J Sci Med Sport. 2018 Sep;21(9):941-949. doi: 10.1016/j.jsams.2018.01.008. Epub 2018 Jan 31.

Overload blunts baroreflex only in overreached athletes.

Author information

1
ISSUL, Institute of Sport Sciences, Faculty of Biology and Medicine, University of Lausanne, Switzerland. Electronic address: nicolas.bourdillon@unil.ch.
2
ASPG, Applied Signal Processing Group, EPFL, Ecole Polytechnique Fédérale de Lausanne, Switzerland.
3
MVT my-vitality sàrl, Switzerland.
4
ISSUL, Institute of Sport Sciences, Faculty of Biology and Medicine, University of Lausanne, Switzerland.

Abstract

OBJECTIVES:

Heart rate variability (HRV) is commonly used to diagnose overreaching and monitor athletes' responses to training. Baroreflex sensitivity (BRS) is modified by changes in training load and might be another means to detect overreaching.
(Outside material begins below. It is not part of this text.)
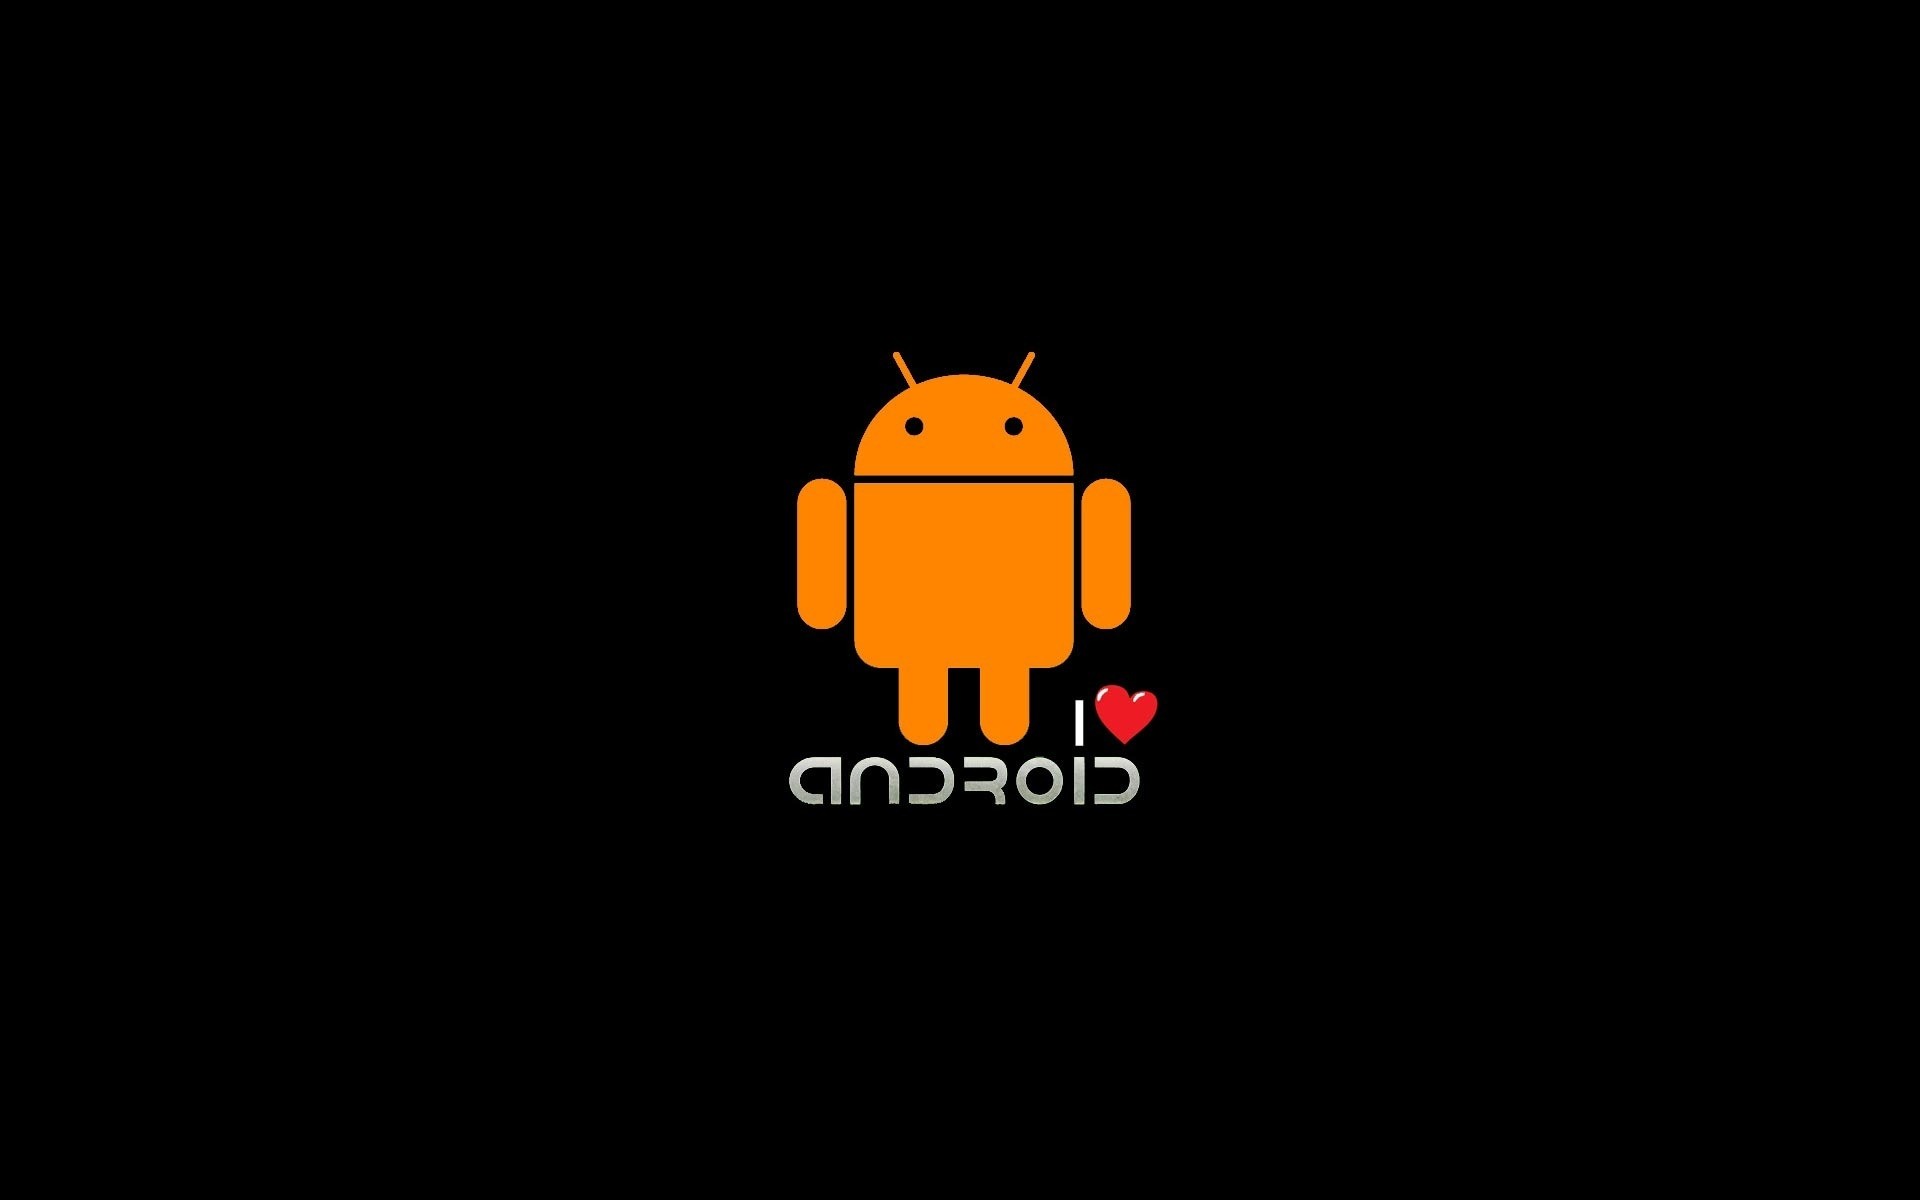 android иллюстрация фон логотип android любовь сердце техник гаджет

The goal of this study was to assess BRS and HRV changes in two groups of athletes responding either negatively (FOR) or positively (AF) to similar training overload.

DESIGN:

Fifteen athletes performed 2-week baseline (BSL) training followed by 3-week overload (+45%; OVL) and 2-week recovery (-20%; RCV).

METHODS:

HRV, training load and subjective fatigue were measured daily via questionnaires. BRS, salivary cortisol and testosterone, and submaximal exercise and maximal 3-km run performances were measured at the end of each period.

RESULTS:

Based on their performance change during OVL, 8 athletes were diagnosed as FOR and 7 as AF. Subjective fatigue was increased in FOR athletes during OVL. BRS increased in AF but not in FOR athletes during RCV. At the end of RCV, cortisol and testosterone were higher than BSL in both groups.

CONCLUSIONS:

Three weeks of similar training overload can induce either performance enhancement or overreaching. The changes in submaximal exercise and maximal performances and in subjective fatigue were the fastest-responding parameters that distinguished the two groups of athletes during OVL. Training overload blunted the increase in BRS in FOR only. Most of the differences in BRS were observed during the recovery period. BRS appears to be a more sensitive parameter than HRV for early monitoring of responses to training.

KEYWORDS:

Baroreflex; Fatigue; Fitness; Heart rate variability; Overreaching

PMID:
29397314
DOI:
10.1016/j.jsams.2018.01.008
[Indexed for MEDLINE]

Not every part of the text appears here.